Я думал, что он не придаст этому никакого значения, но он вдруг взял да и раскипятился. Остановил машину и давай мне нотации читать.
— Если, — говорит, — это все из-за той девушки, — как ее там зовут? Яфит, что ли? — так вот если это из-за Яфит, я тебя туда не повезу, понял? Ты мне друг, и я не позволю тебе мои ошибки повторять. Пойми, я ведь тогда еще совсем ребенком был и думал, что это только игра. Ну, Фанни там и все такое, понимашь? Я же не знал, что с жизнью своей играю. Ну а теперь уже поздно руками махать. Натворил делов — расплачивайся. Вот я и расплачиваюсь. И буду расплачиваться по гроб жизни. Нет, я, конечно, ничего плохого про Фанни сказать не могу: она женщина хорошая. Только вот жизнь моя, Коби… Как бы это тебе получше сказать? Безмозглая она какая-то, понимаешь? Видишь вон тот магазин? — Он дал задний ход, проехал несколько метров и остановился напротив магазина, на который показал. — Теперь представь себе. Входит туда пятнадцатилетний парнишка. И у него с собой деньги. Первый раз в жизни он пришел в магазин с деньгами. Ну вот. Входит он в этот магазин и берет с полки первое, что попадается ему на глаза. А оно вдруг раз — и выскальзывает у него из рук. И разбивается. Он еще даже и по магазину-то толком походить не успел, по сторонам не огляделся. А оно уже разбилось. Ну? И что же ему остается делать? Только одно. Заплатить и уйти. И взять с собой то, что разбил. Чего ты так на меня смотришь? Думаешь, если Морди все время шутит, значит, ему хорошо? Нет, браток, не значит. У Морди, чтобы ты знал, душа болит не переставая. И больше всего на свете ему хочется снова зайти в тот магазин.

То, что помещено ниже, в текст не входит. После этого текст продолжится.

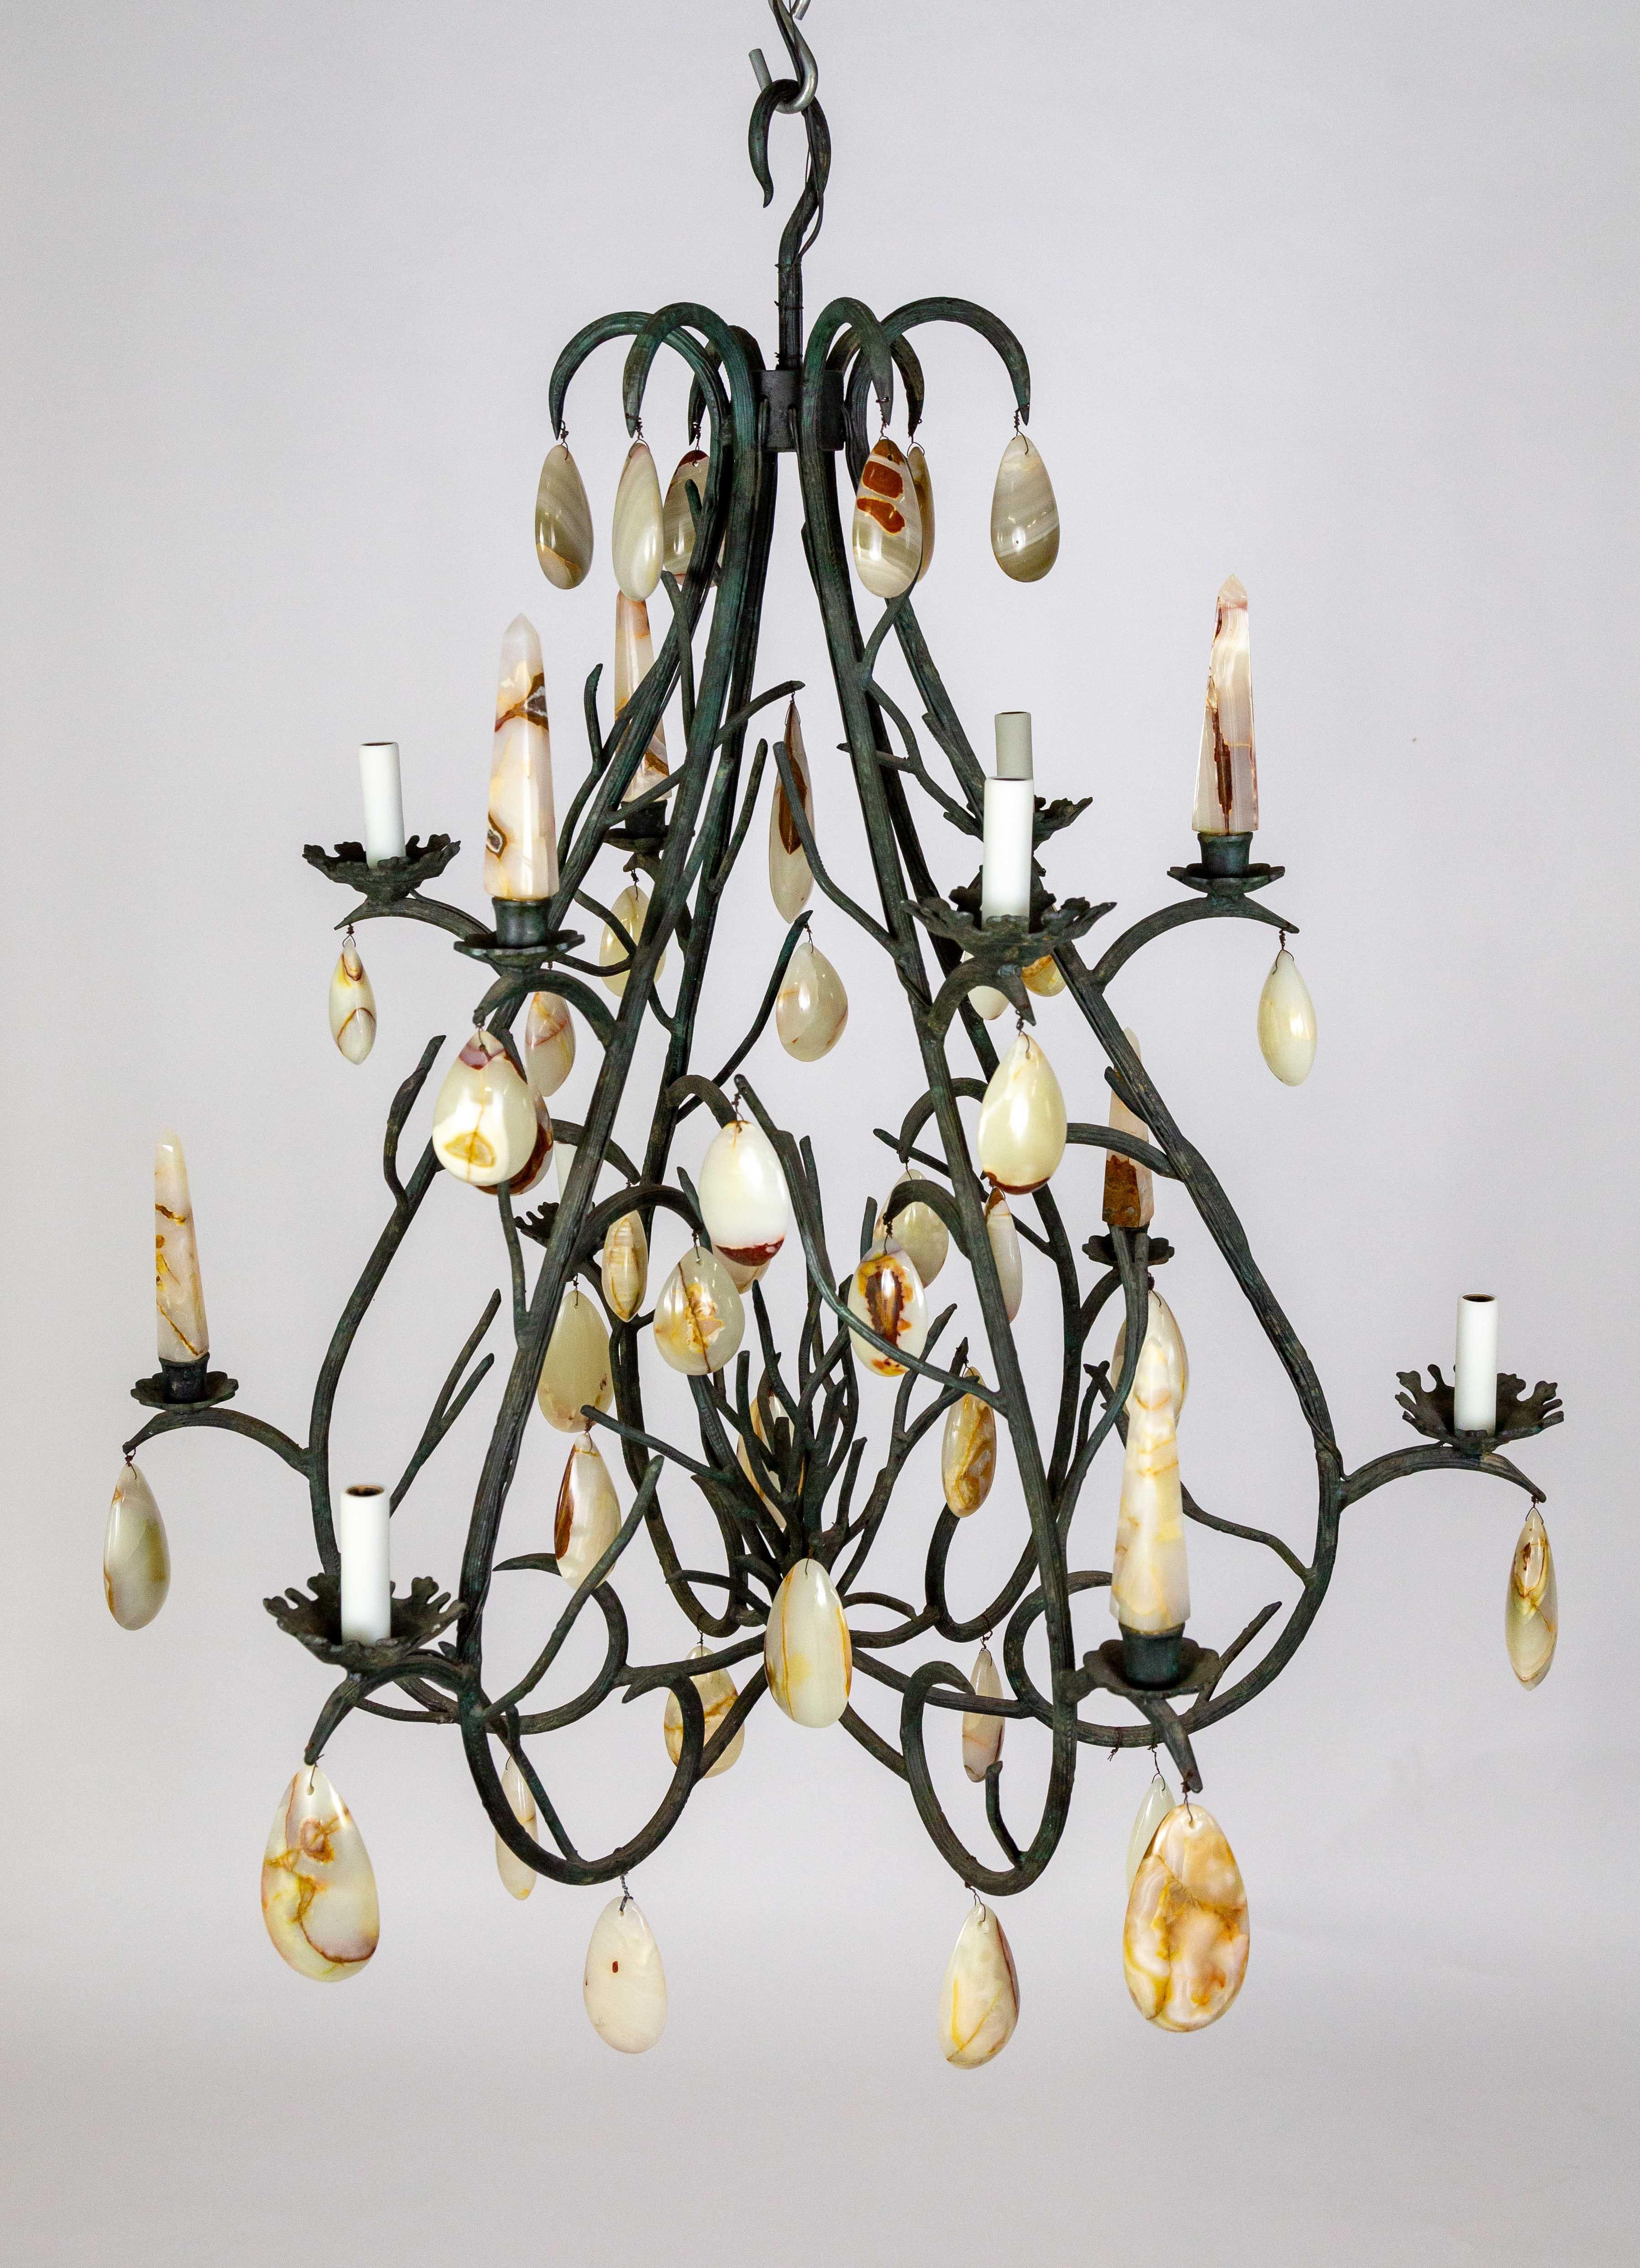 Giant Forest Green Branch Chandelier w/ Onyx Crystals by Luciano Tempo For Sale 7

Я сидел и не знал, что сказать. В самом деле. Скажу, что дело не в Яфит, — придется рассказать ему про квартиру. Но ведь про квартиру я ему рассказать не могу, правда? Про нее знает только Джамиль. Но Морди мое молчание не смутило. Наоборот. Когда ты молчишь, ему еще больше говорить хочется.
— Ты ведь уже не ребенок, Коби, — сказал он наставительно. — Поздно тебе уже в игры играть. Тебе пора за ум браться и жену себе подыскивать. Только не такую, а заграничного производства. Как у Элико. Посмотри вон, как он теперь живет. А ведь за него любая бы пошла. Стоило бы ему у нас в поселке только свистнуть — сразу бы целая толпа набежала. Но он легких путей искать не хотел. Решил, как говорится, горячку не пороть. Сначала в армии отслужил. Потом годик в Тель-Авиве покрутился. А как понял, что ему в Тель-Авиве ничего не светит и что он там себе стоящую бабу не найдет, взял да и в Норвегию рванул. А в Норвегии, брат, там тебе не то что тут. Там тебя, когда ты с самолета сойдешь, никто спрашивать не будет, откуда ты родом, кто твой папа и не марокканец ли ты часом. Нет, Коби, в Норвегии языками зря не треплют. Там на человека смотрят, а не на его происхождение. На тело его, на силу, на красоту. А красота, брат, она и в Африке красота: любая девчонка в мире ее оценит. Короче. Выучился Элико по-ихнему и стал рыбой торговать. И всего за полгода кучу денег заработал. Ну а потом поискал-поискал — и нашел в точности, что хотел. Красивую и богатую. Но заметь: не шибко красивую и не шибко богатую. Чтоб не очень-то нос задирала.